Chris Davies

Personal information
- Full name: Christopher Davies
- Born: 24 December 1991 (age 33) Abercynon, Wales

Playing information
- Height: 6 ft 2 in (188 cm)
- Weight: 18 st 8 lb (118 kg)
- Position: Prop
Club
| Years | Team | Pld | T | G | FG | P |
| 2011 | South Wales Scorpions | 15 | 1 | 0 | 0 | 4 |
| 2016–17 | South Wales Scorpions | 12 | 1 | 0 | 0 | 4 |
| 2020 | West Wales Raiders | 1 | 0 | 0 | 0 | 0 |
| 2023 | Brentwood Eels | 1 | 0 | 0 | 0 | 0 |
|  | Total | 29 | 2 | 0 | 0 | 8 |
Representative
| Years | Team | Pld | T | G | FG | P |
| 2010 | Wales | 1 | 0 | 0 | 0 | 0 |
- Source:

= Chris Davies (rugby league) =

Wales international rugby league footballer

Chris Davies (born 24 December 1991) is a Welsh professional rugby league footballer who has played in the 2010s. He played at representative level for Wales, and at club level for South Wales Scorpions, as a .

==Background==
Chris Davies was born in Abercynon, Wales.

==Playing career==
Davies played in the youth team for the Celtic Crusaders when they won the National Youth League in 2009 and also played for the Crusaders reserve team before joining the South Wales Scorpions for the 2011 season. Davies did not play in the 2012 season due to injury.

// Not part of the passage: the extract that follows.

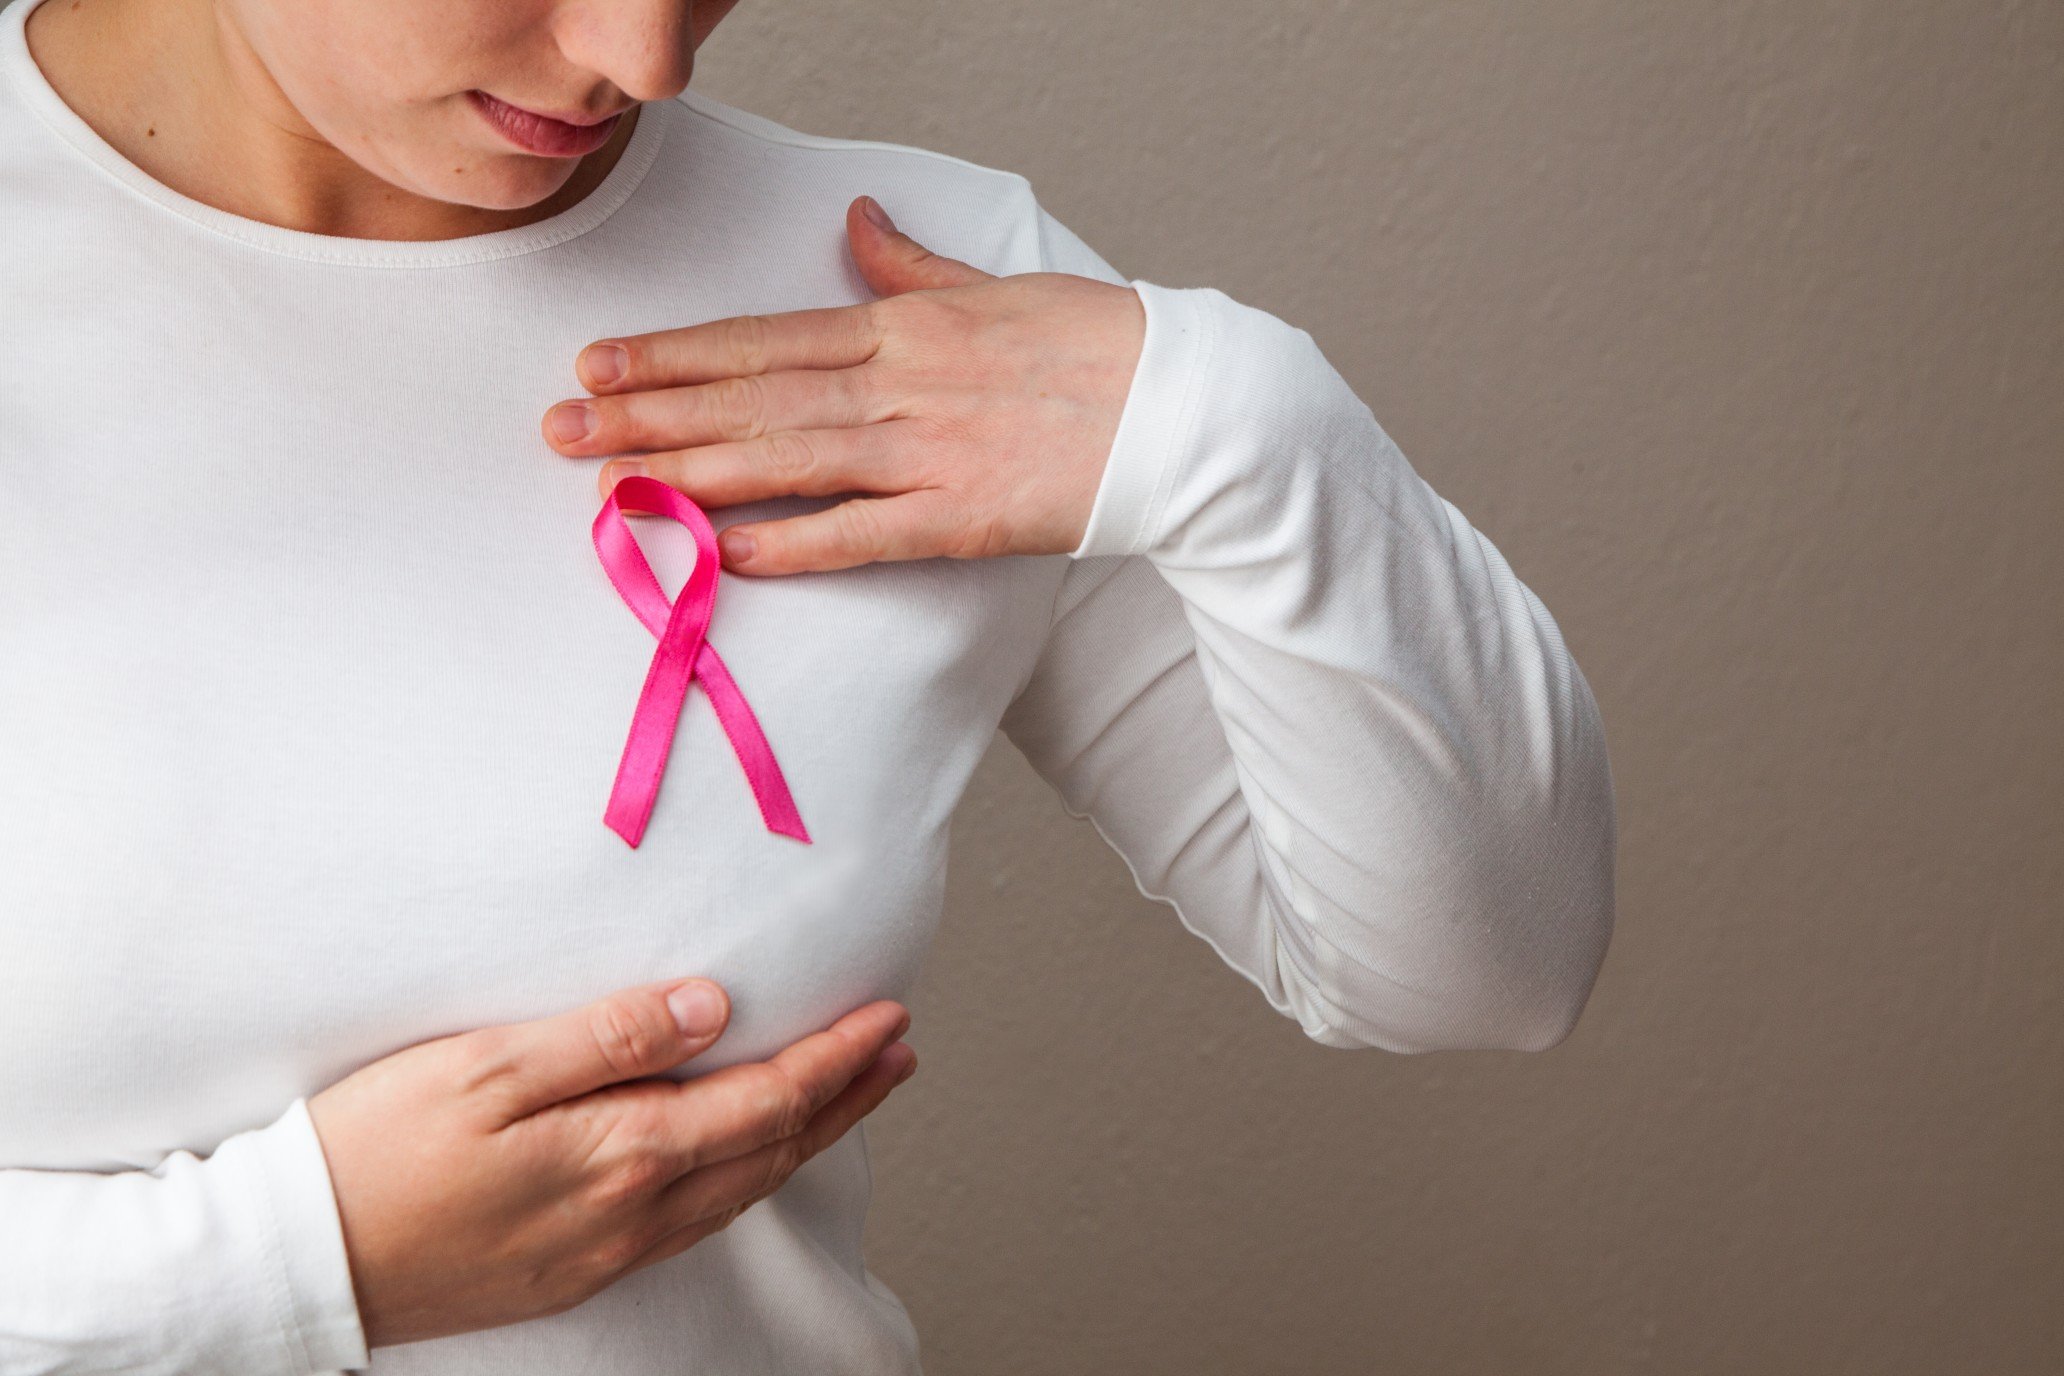 

Женщины Удмуртии смогут бесплатно пройти обследование на выявление рака груди

In 2015, Davies played rugby union for Merthyr RFC during which time the club reached the final of the Mid District Cup.

Davies re-joined South Wales Scorpions for the 2016 season.

In December 2019, Davies joined West Wales Raiders for the 2020 season. In February 2020, Davies played in their 2020 Challenge Cup loss to Underbank Rangers. Davies was dismissed during the match and banned for six matches.

===International honours===
Davies won a cap for Wales while at Crusaders in October 2010. Davies also represented Wales at under-18 level, scoring once in their 34–20 win against England Community Lions U18 in June 2009, and twice in their 26–all draw against the same opponents in November 2010.